Page MenuHomePhabricator

Maintenance script to convert between different representations of interwiki / sites info
Open, MediumPublic

Description

The intent is to allow us to generate site info files (like P3044) from old CDB files or from the interwiki table, as well as to convert between different representations of site info. Some examples:

To migrate from a CDB file as generated by dumpInterwiki.php to the php used for SiteLookup:

convertSiteInfo.php interwiki:cdb:/foo/bar.cdb sites:php:/foo/bar.php

To dump the content of the sites table as JSON:

convertSiteInfo.php sites:db sites:json:/foo/bar.json

To dump the content of the interwiki table as JSON:

convertSiteInfo.php interwiki:db sites:json:/foo/bar.json

To convert from old-style sites JSON to new style JSON, with pre-computed indexes:

convertSiteInfo.php sites:json:/foo/bar-old.json sites:json:/foo/bar.json --index

To combine multiple php and json files into a single php file:

convertSiteInfo.php sites:json:foo.json sites:php:bar.php sites:json:combined.php

The way the sources and destinations are specified in the examples above are a bit ad-hoc and possibly unnecessary. The file extension should be sufficient in most cases: .cdb will trigger the classic interwiki code with a SiteLookup-adapter to be used for reading; .json will trigger a SiteLookup to be used (which should support the old as well as the new json structure). .php will also be read by a SiteLookup. For output, only the new style JSON and PHP structures would be supported, using T135156: Create a SiteStore that can write JSON and PHP files. We'll need some special syntax to indicate that we want to read from the interwiki or the sites table, though.

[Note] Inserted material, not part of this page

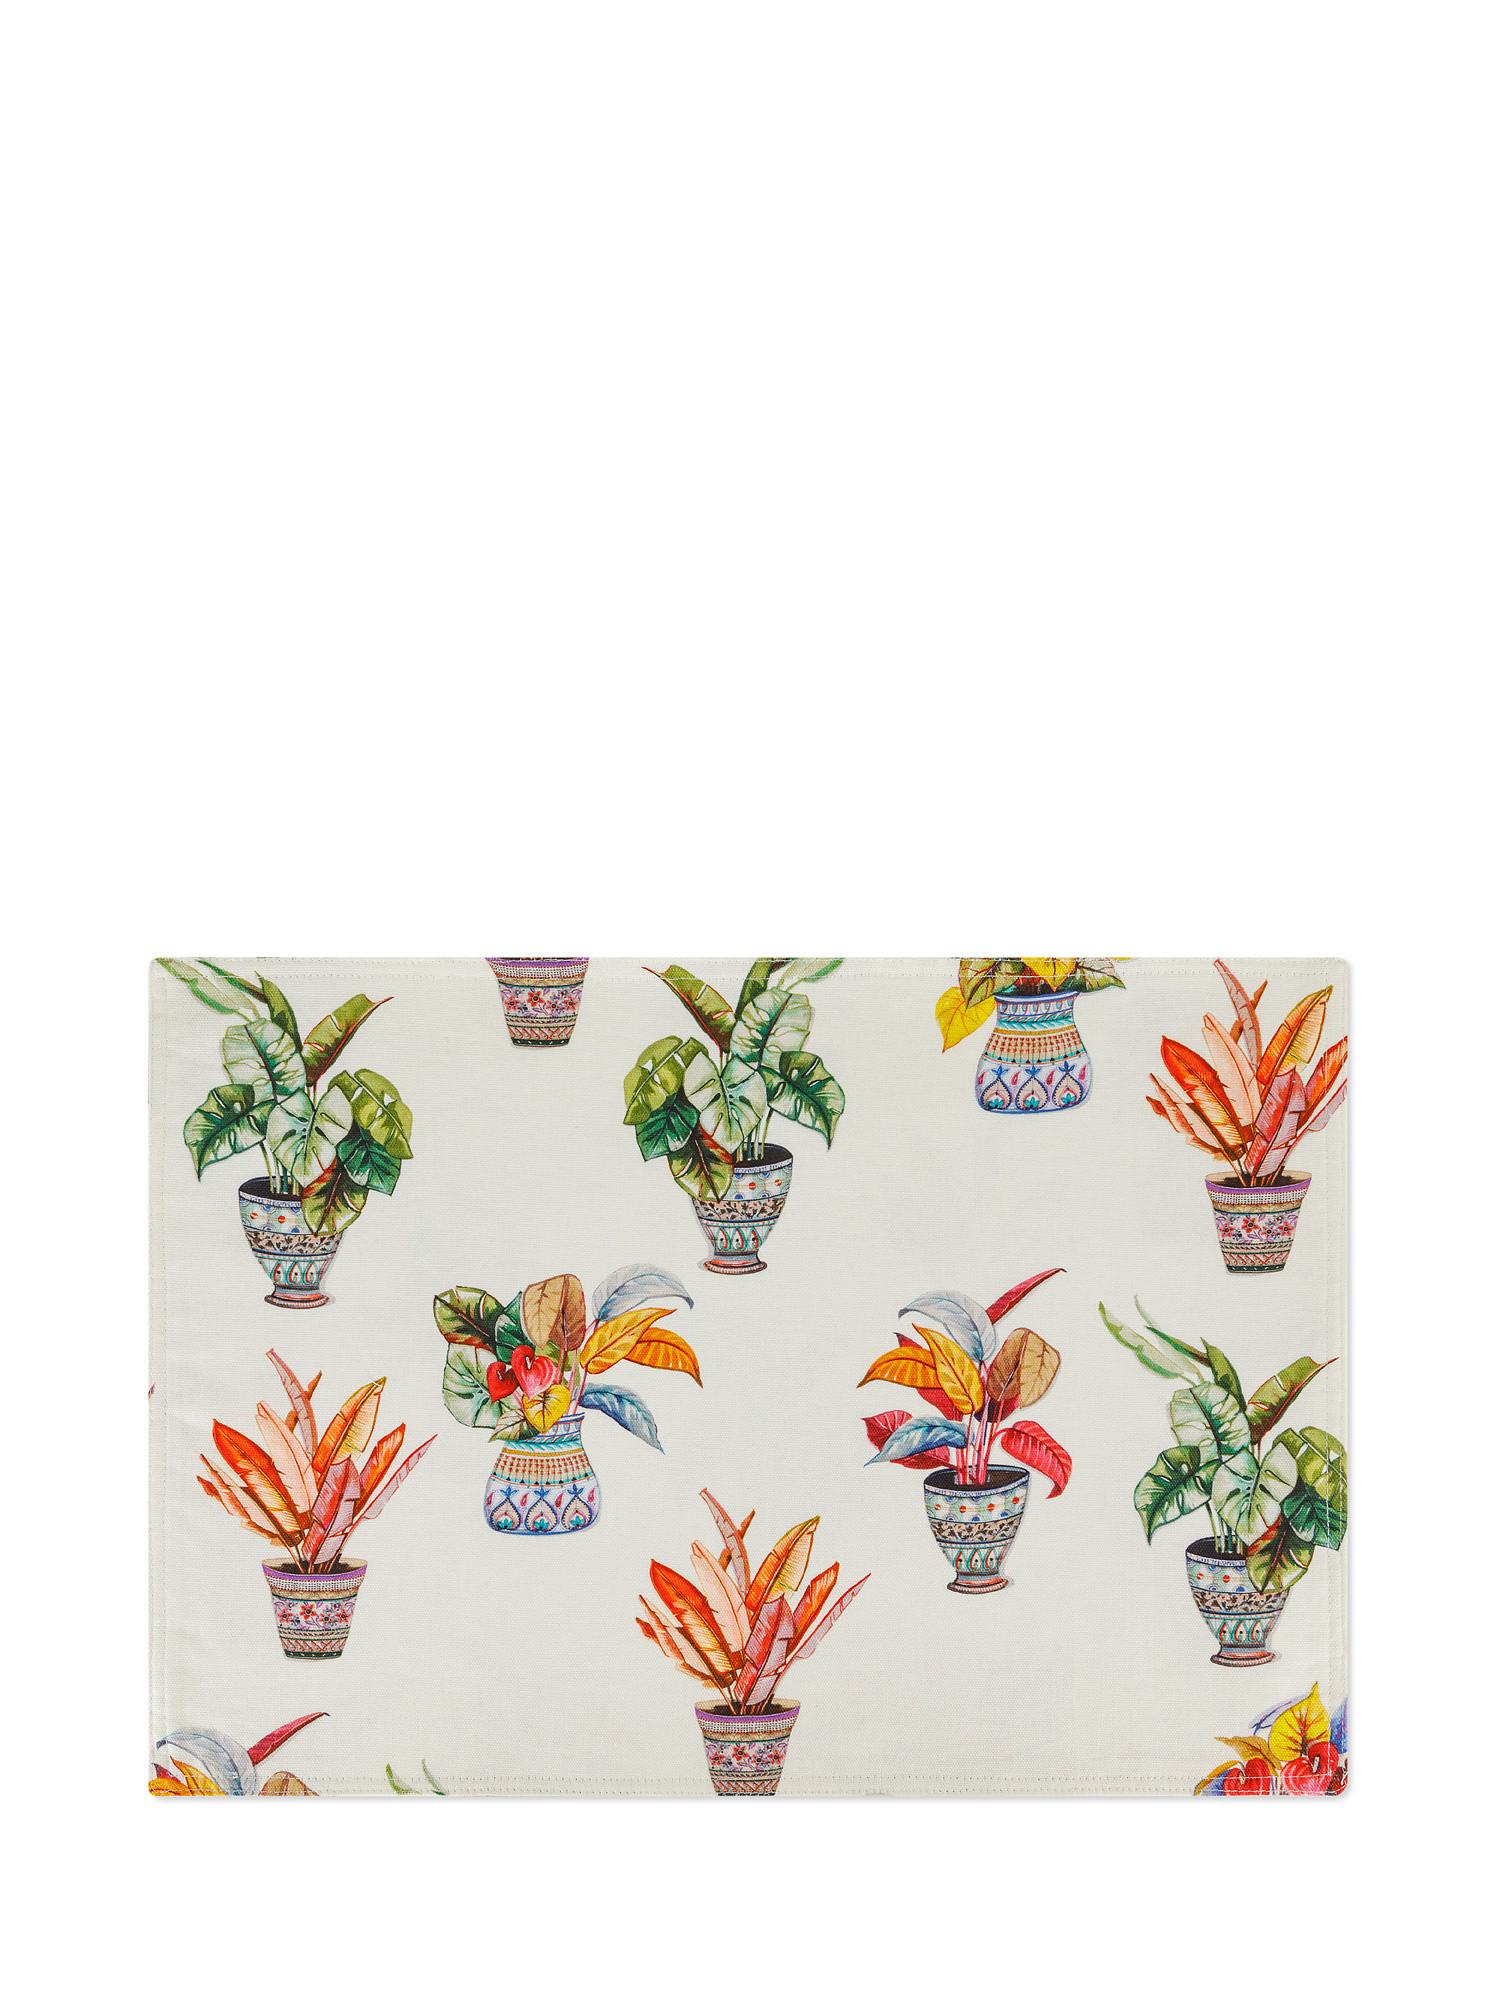 Tovaglietta puro cotone organico stampa vasi, Multicolor, large image number 0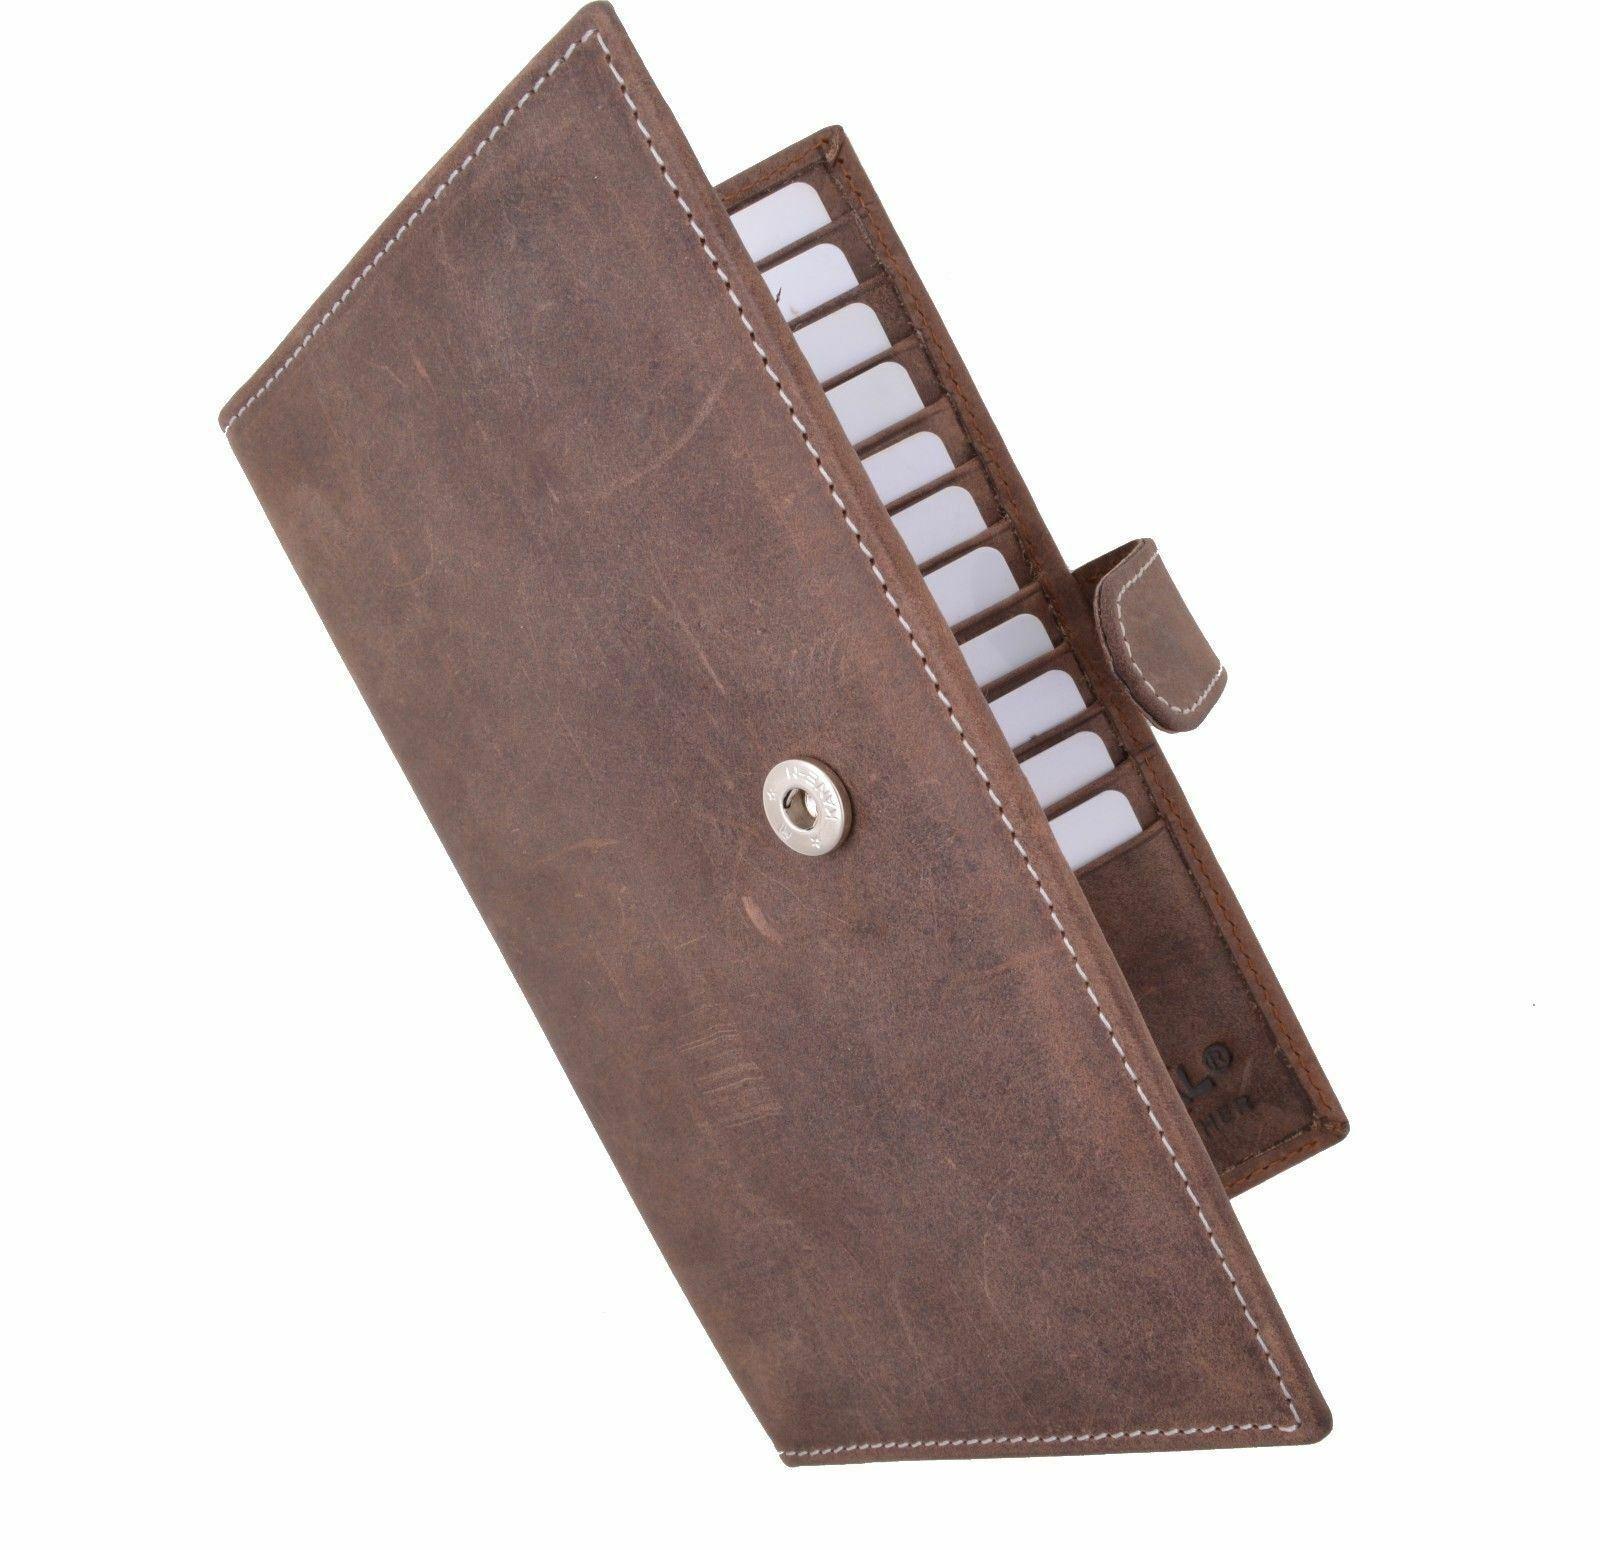 Men's RFID Blocking Soft Vintage Leather Bifold Credit Card Holder with Closure

NOTE: We should consider to also support the XML format used by maintenance/exportSites.php, see docs/sitelist.txt.

Event Timeline

Krenair renamed this task from Maintenance script to convert between different representatiosn of interwiki / sites info to Maintenance script to convert between different representations of interwiki / sites info.May 12 2016, 5:36 PM

This task has been assigned to the same task owner for more than two years. Resetting task assignee due to inactivity, to decrease task cookie-licking and to get a slightly more realistic overview of plans. Please feel free to assign this task to yourself again if you still realistically work or plan to work on this task - it would be welcome!

For tips how to manage individual work in Phabricator (noisy notifications, lists of task, etc.), see https://phabricator.wikimedia.org/T228575#6237124 for available options.
(For the records, two emails were sent to assignee addresses before resetting assignees. See T228575 for more info and for potential feedback. Thanks!)